Et si l’obésité contribuait à la démence ?
Une équipe de l’Inserm pointe du doigt un lien entre l’obésité et une accélération du déclin cognitif associé au vieillissement à partir de l’observation d’une cohorte de 6.000 cinquantenaires suivis pendant dix ans. Leurs travaux sont parus dans la revue Neurology.
Certains facteurs métaboliques pourraient bien peser sur le risque d’apparition ou de progression de la démence associée au vieillissement. Des travaux ont notamment pointé du doigt l’obésité. Une hypothèse renforcée par les résultats d’une nouvelle étude franco-britannique parue dans la revue Neurology.
Les auteurs ont analysé les données relatives à plus de 6.000 personnes âgées de 50 ans en moyenne au début de l’étude et suivies pendant dix ans. Au cours de cette période, leur mémoire, leur capacité à raisonner et d’autres compétences cognitives ont été évaluées à trois reprises.
Au sein de cette cohorte, 9% des personnes étaient obèses et 38% présentaient un surpoids. Environ 60% des volontaires atteints d’obésité présentaient au moins deux anomalies métaboliques telles qu’une hypertension, une hypercholestérolémie ou encore un trouble de la glycémie.
L’analyse des données montre que dans ce dernier sous-groupe, le déclin cognitif est significativement plus rapide que dans le reste de la cohorte.

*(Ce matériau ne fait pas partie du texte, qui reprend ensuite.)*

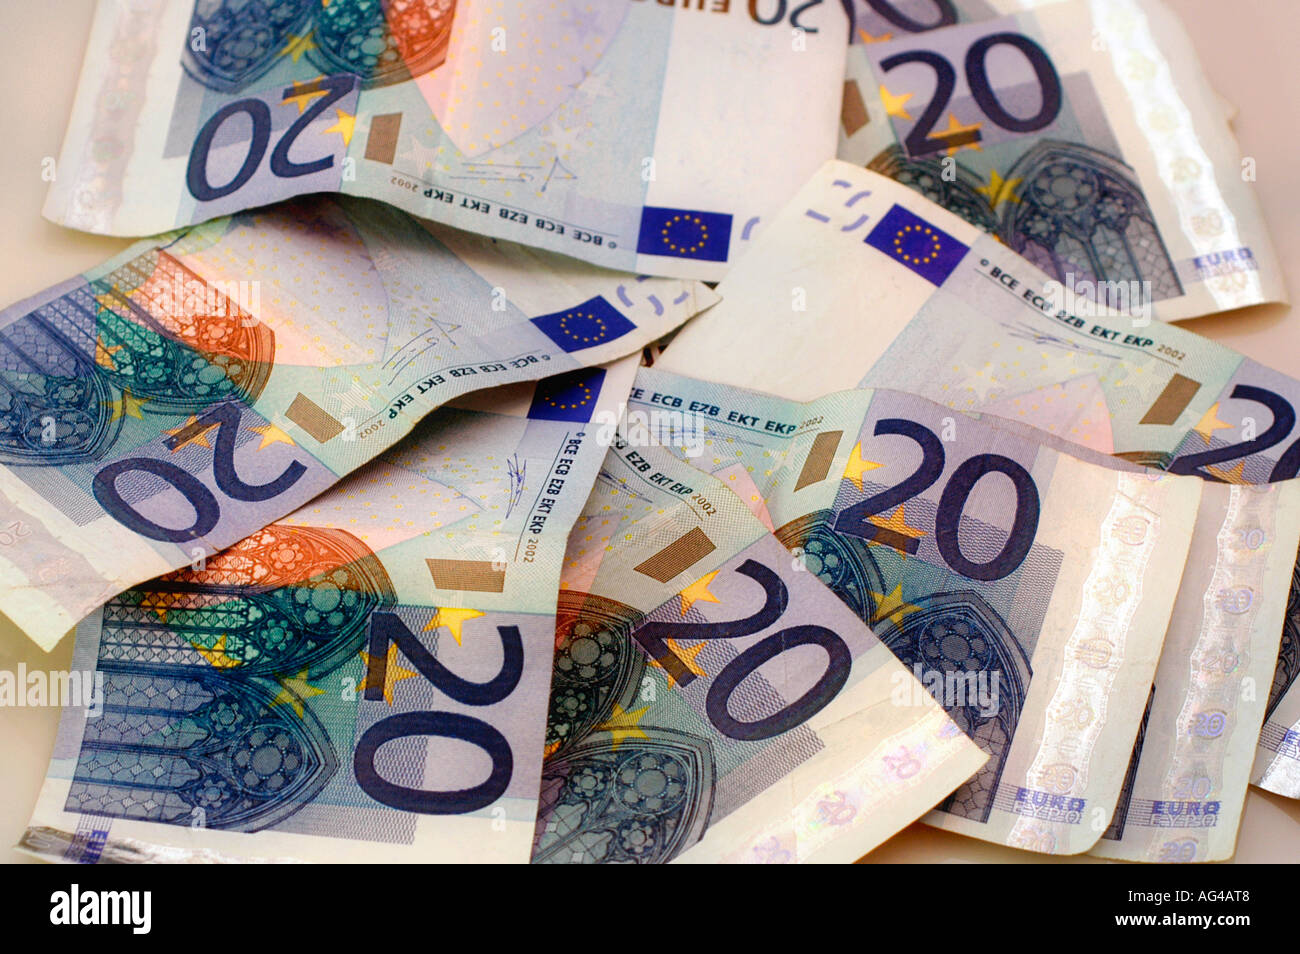 Twenty Euro bills Stock Photo - Alamy

En dix ans, leur score aux différents tests cognitifs a diminué 22,5% fois plus vite que celui des volontaires dont le poids est normal et qui ne présentent pas d’anomalies métaboliques. Une accélération du déclin cognitif, moins importante, a également été notée chez les obèses ne présentant pas d’anomalies métaboliques.
Les chercheurs estiment que les pathologies vasculaires associées à l’obésité pourraient induire des altérations cérébrales ou encore que les substances sécrétées par les tissus graisseux pourraient accélérer le vieillissement du cerveau.
Marie Lestelle (Paris)
Référence :
A. Singh-Manoux et coll.
Obesity phenotypes in midlife and cognition in early old age. The Whitehall II cohort study
Neurology. 2012 Aug 21;79(8):755-62.